----- DATA PROVIDED -----

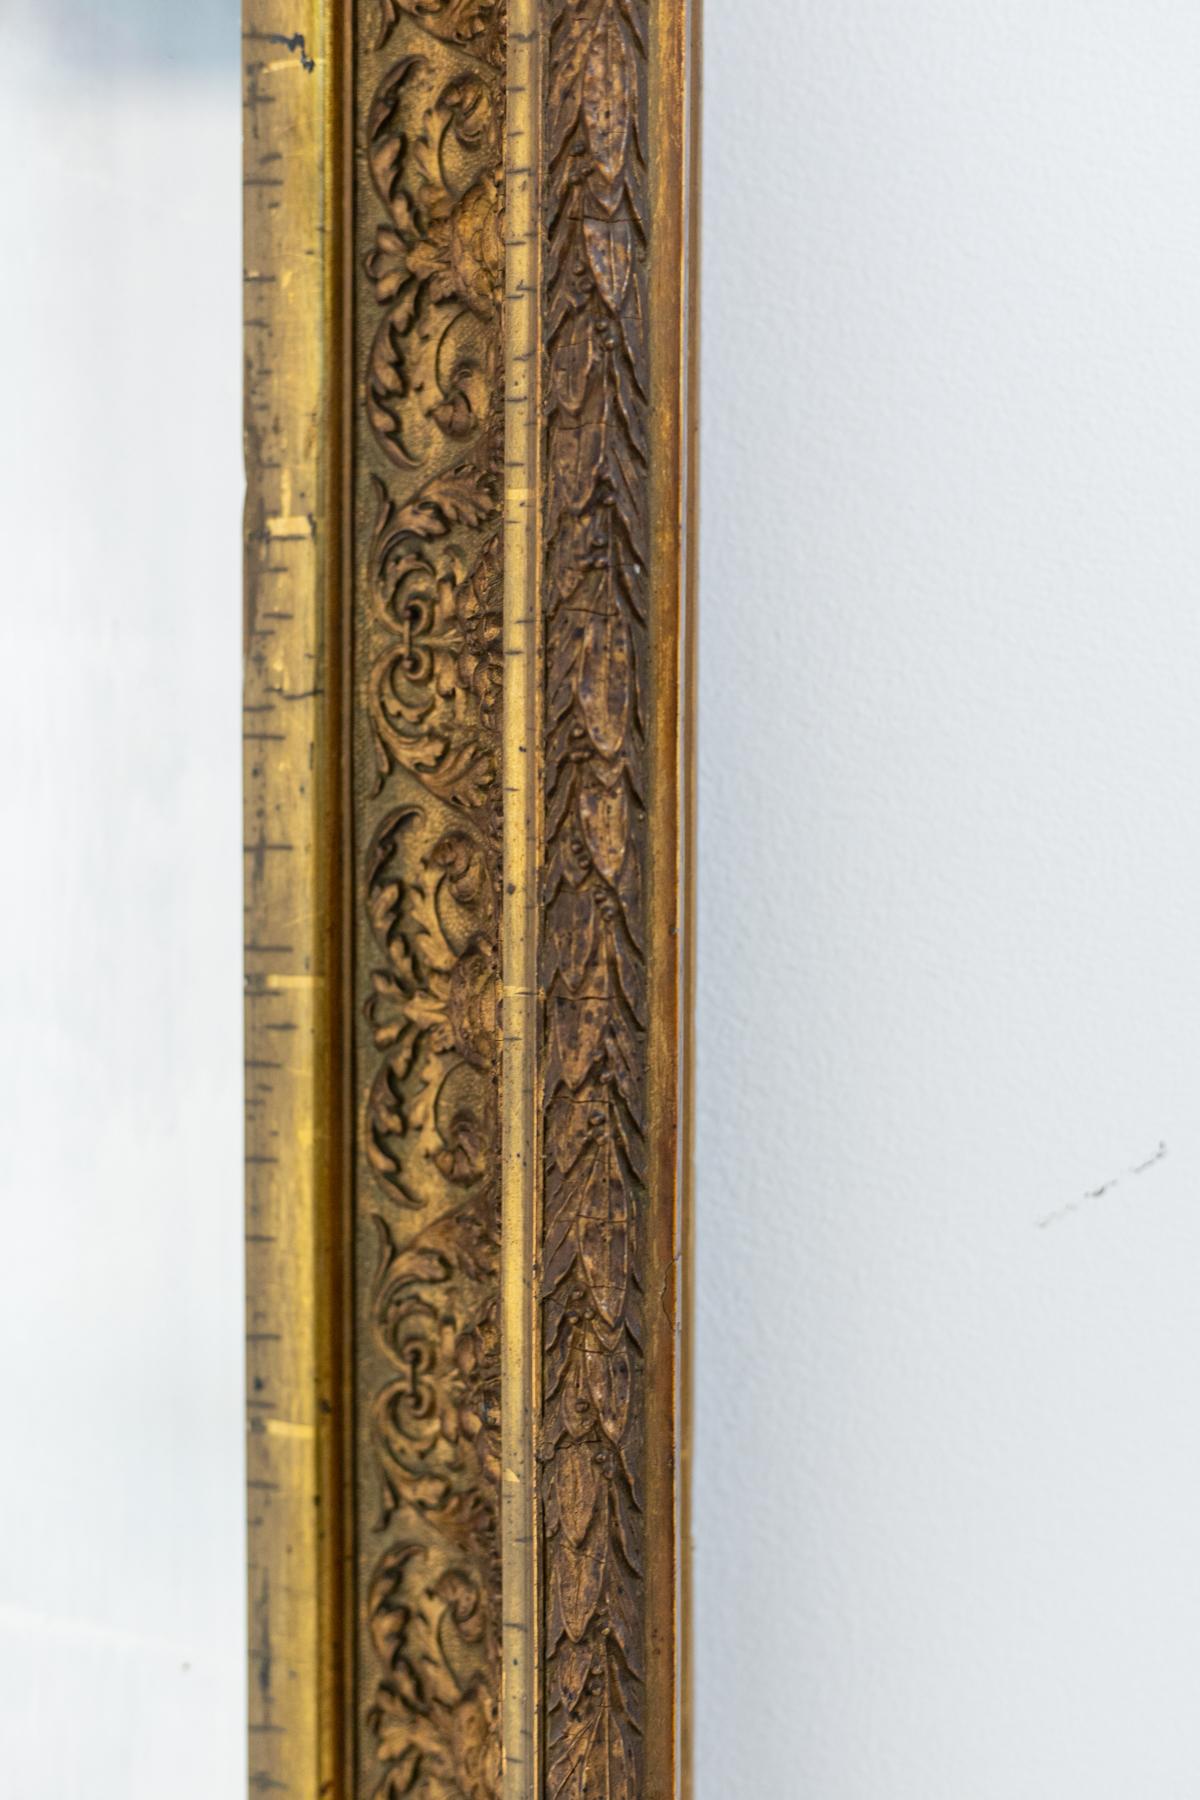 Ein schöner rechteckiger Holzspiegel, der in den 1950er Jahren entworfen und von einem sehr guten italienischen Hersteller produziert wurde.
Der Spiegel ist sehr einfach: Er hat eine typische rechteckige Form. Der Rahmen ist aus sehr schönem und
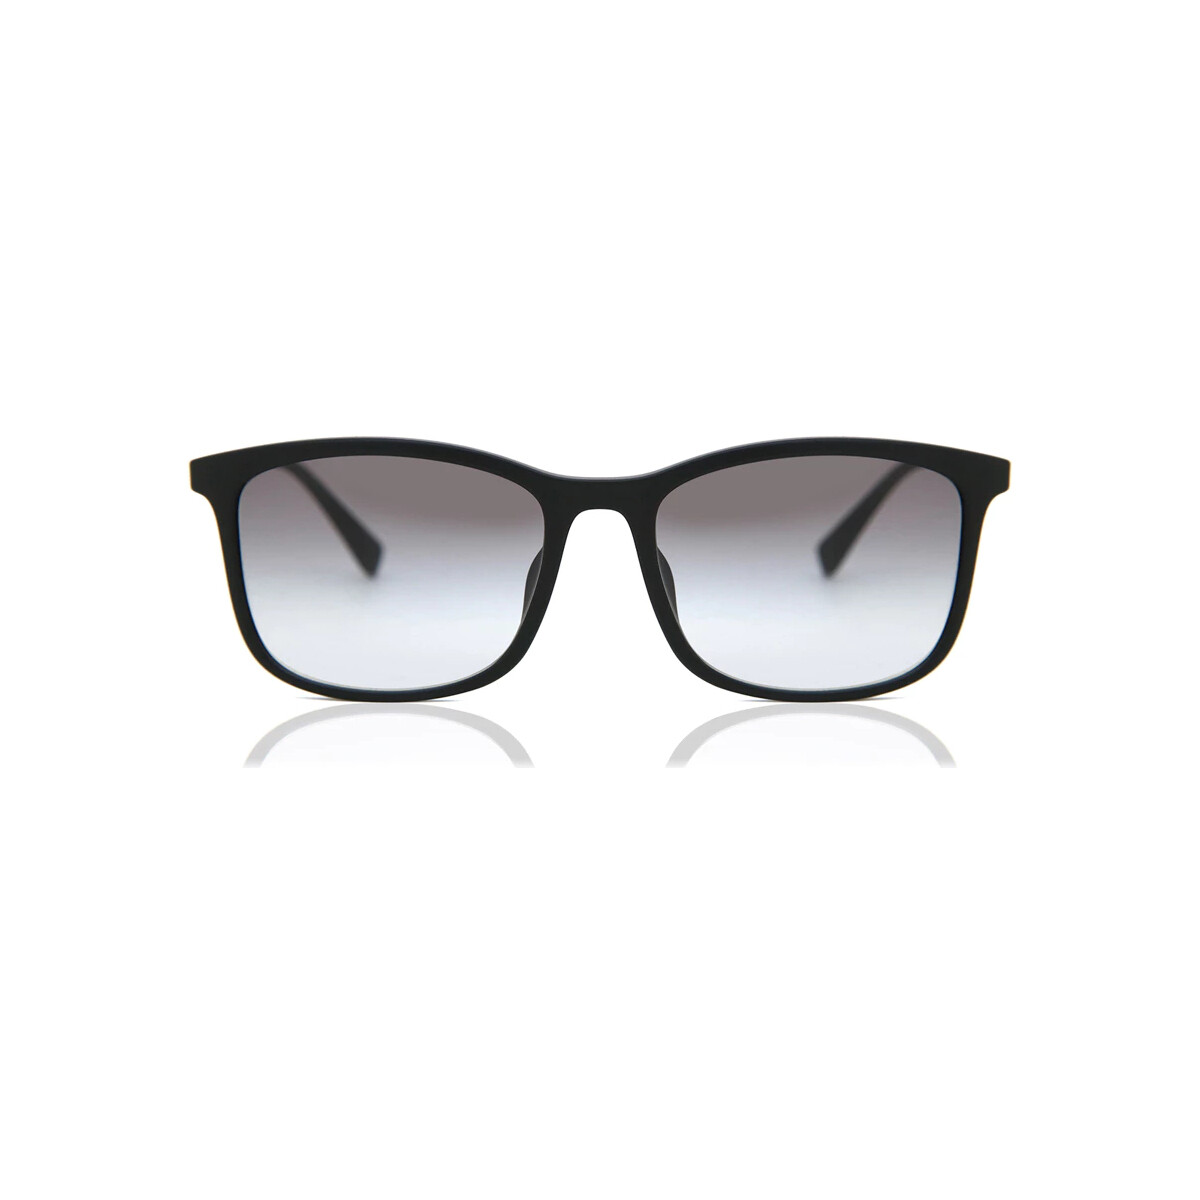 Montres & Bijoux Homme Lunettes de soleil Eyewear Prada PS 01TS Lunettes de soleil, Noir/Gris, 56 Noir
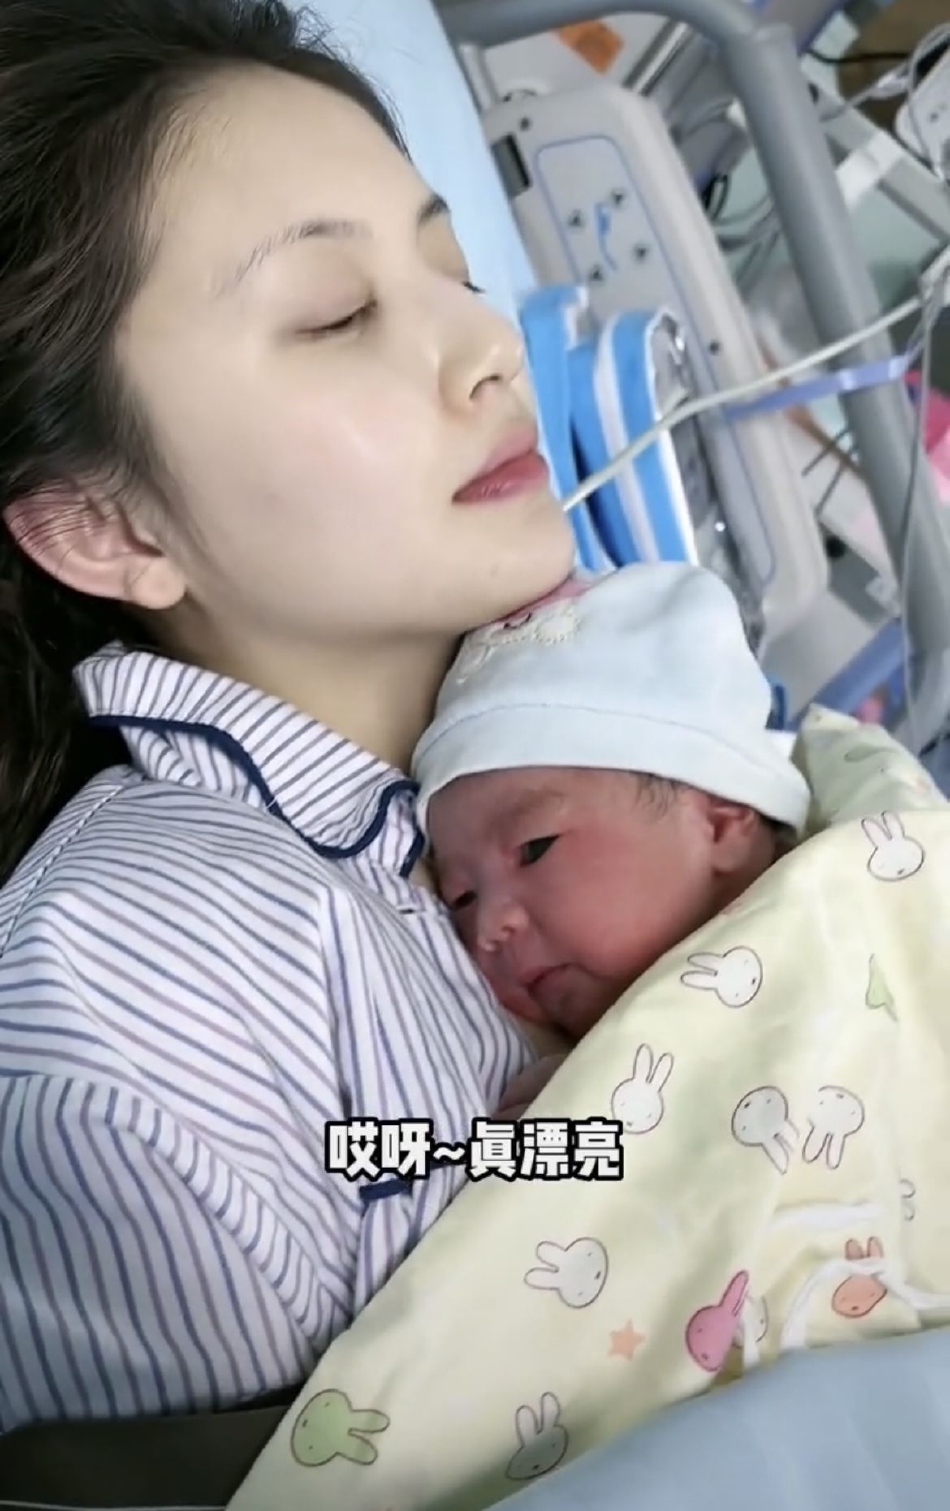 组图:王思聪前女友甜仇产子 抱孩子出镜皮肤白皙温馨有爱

-----

• [ASSIGNMENT] Transcribe all of the data above exactly; no picture belongs in the copy.

• [ANSWER SPACE]
 Ein schöner rechteckiger Holzspiegel, der in den 1950er Jahren entworfen und von einem sehr guten italienischen Hersteller produziert wurde.
Der Spiegel ist sehr einfach: Er hat eine typische rechteckige Form. Der Rahmen ist aus sehr schönem und
 Montres & Bijoux Homme Lunettes de soleil Eyewear Prada PS 01TS Lunettes de soleil, Noir/Gris, 56 Noir
 组图:王思聪前女友甜仇产子 抱孩子出镜皮肤白皙温馨有爱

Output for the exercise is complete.